Spanish Pilgrimage brings together Hollywood stars, academics

An academic colloquium is not usually where one would expect to see Hollywood stars, but the Camino de Santiago is said to have caused greater miracles to happen.

George Greenia with Martin Sheen and Emilio EstevezThe thousand-year-old Spanish pilgrimage is the setting for “The Way,” a new film written and directed by Emilio Estevez and starring Martin Sheen. Thanks to the efforts of William & Mary Professor George Greenia, the two Hollywood stars screened their film on Feb. 18 at Georgetown University, kicking off the Workshop on Pilgrimage Studies, co-hosted by the College and Georgetown’s department of Spanish and Portuguese.

watch?v=gOzdcALvPos&feature=player_embedded

Scholars from a wide variety of disciplines and 30 colleges and universities in the United States and Canada attended the two-day workshop. The group is working to create an international, interdisciplinary consortium to teach pilgrimage studies in Santiago de Compostela starting in the summer of 2012.

“The historic trek to that World Heritage Site is a unique example of a universal urge to leave home to find yourself,” said Greenia, a professor ofHispanic studies. “From the Ganges to Ground Zero to Graceland, we are all pilgrims on the way.”

Greenia, who has travelled the 500-mile Camino every year since 2005, said that plans for the pilgrimage workshop were almost complete when organizers learned of the Estevez’s film, which had premiered at the Toronto Film Festival and in Spain.

The movie focuses on the character of Tom, an American doctor who travels to France after his son dies just one day into the pilgrimage.

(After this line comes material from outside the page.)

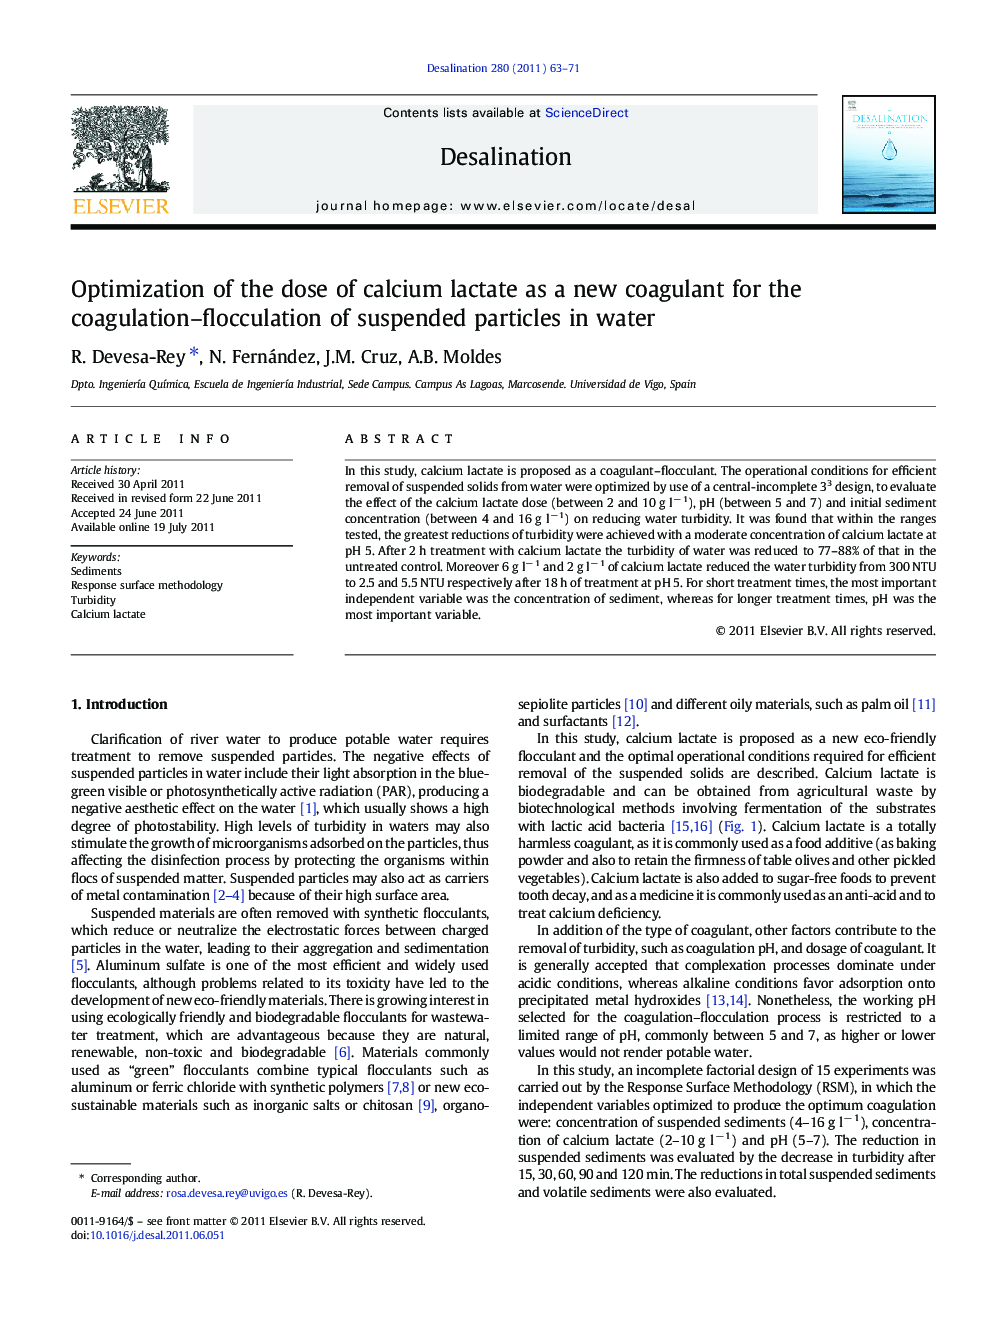 Optimization of the dose of calcium lactate as a new coagulant for the coagulation-flocculation of suspended particles in water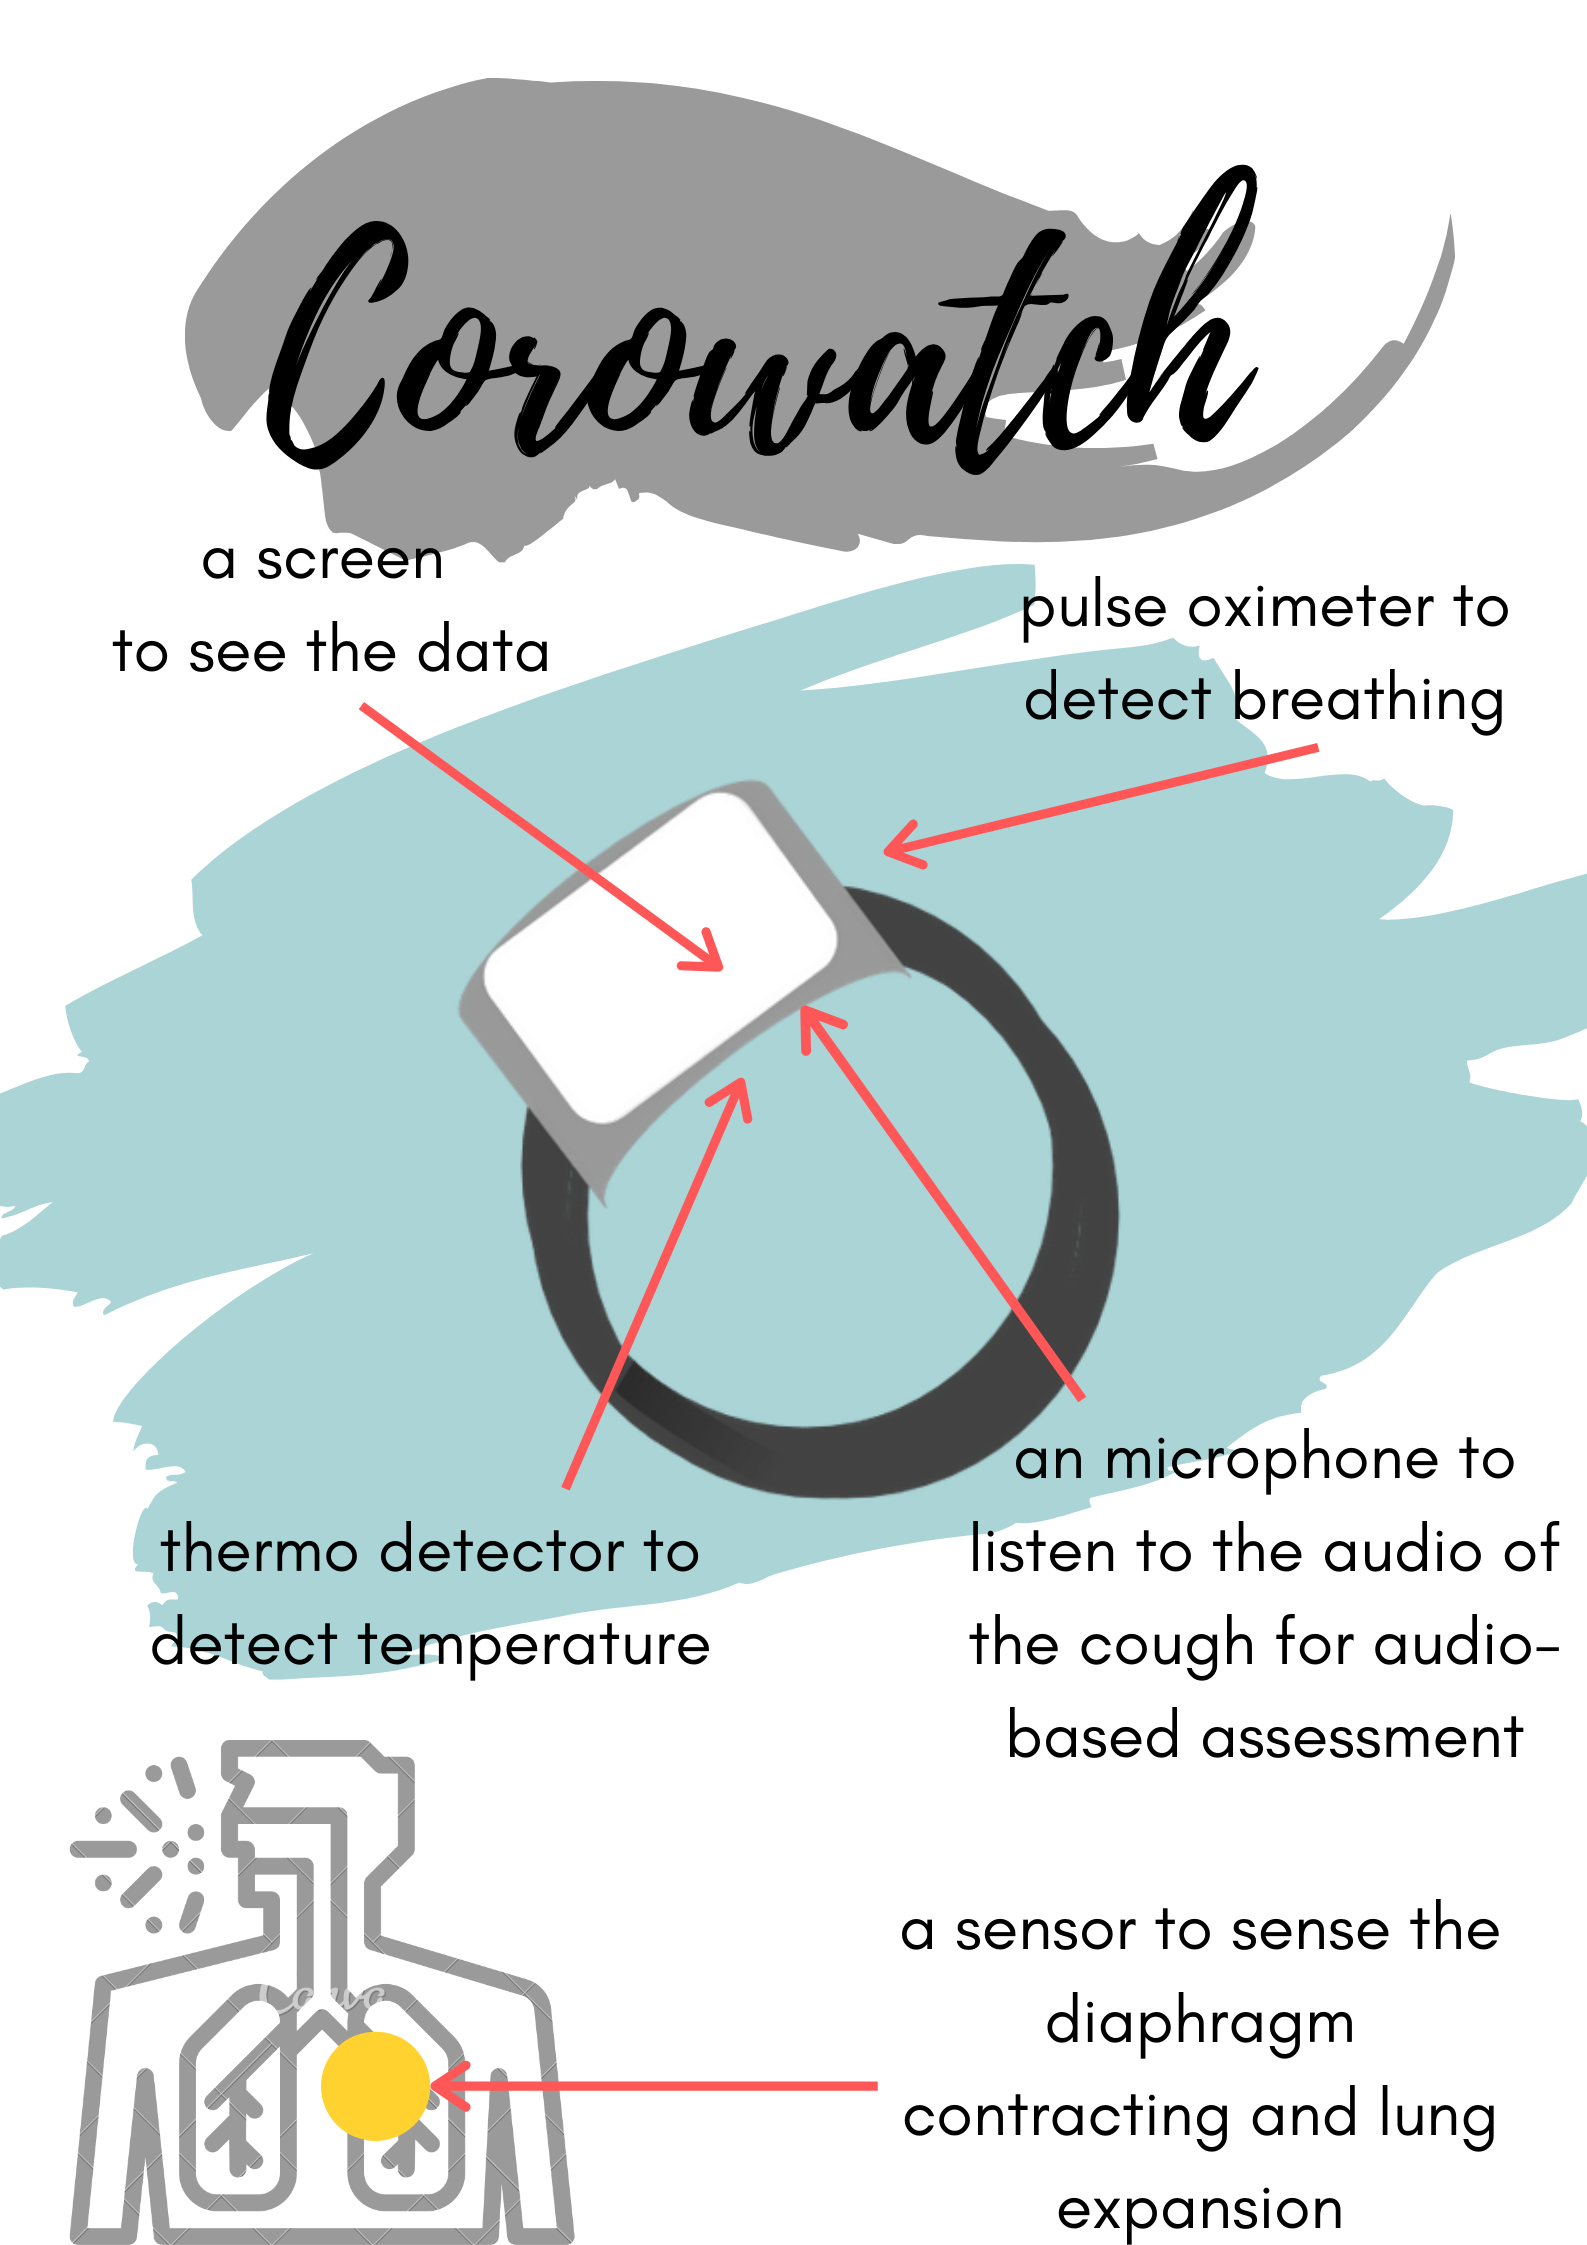 "an image explaining how the Corowatch works"

Tom, played by Sheen, decides to finish the journey that his son began. Along the way, he meets other pilgrims who are facing their own struggles and looking for some sort of redemption or resolution through the journey.

“This is a whole journey of discovery and loss,” said Sheen. “And very often the only way we can heal loss is by helping others.”

With the assistance of the Washington Post’s Ann Hornaday, Greenia was connected to Estevez and asked whether the actors would be interested in screening the film at the workshop.

“He graciously said yes,” said Greenia, “and a studious academic affair immediately turned into a Washington event.”

More than 350 people attended the Friday evening screening, including Jorge Dezcallar de Mazarredo, Spanish Ambassador to the United States, and Infanta Cristina of Spain, Duchess of Palma de Mallorca, her consort, Iñaki Urdangarín, and their son, Juan Valentín. Additionally, a number of faculty members and students from William & Mary were in attendance.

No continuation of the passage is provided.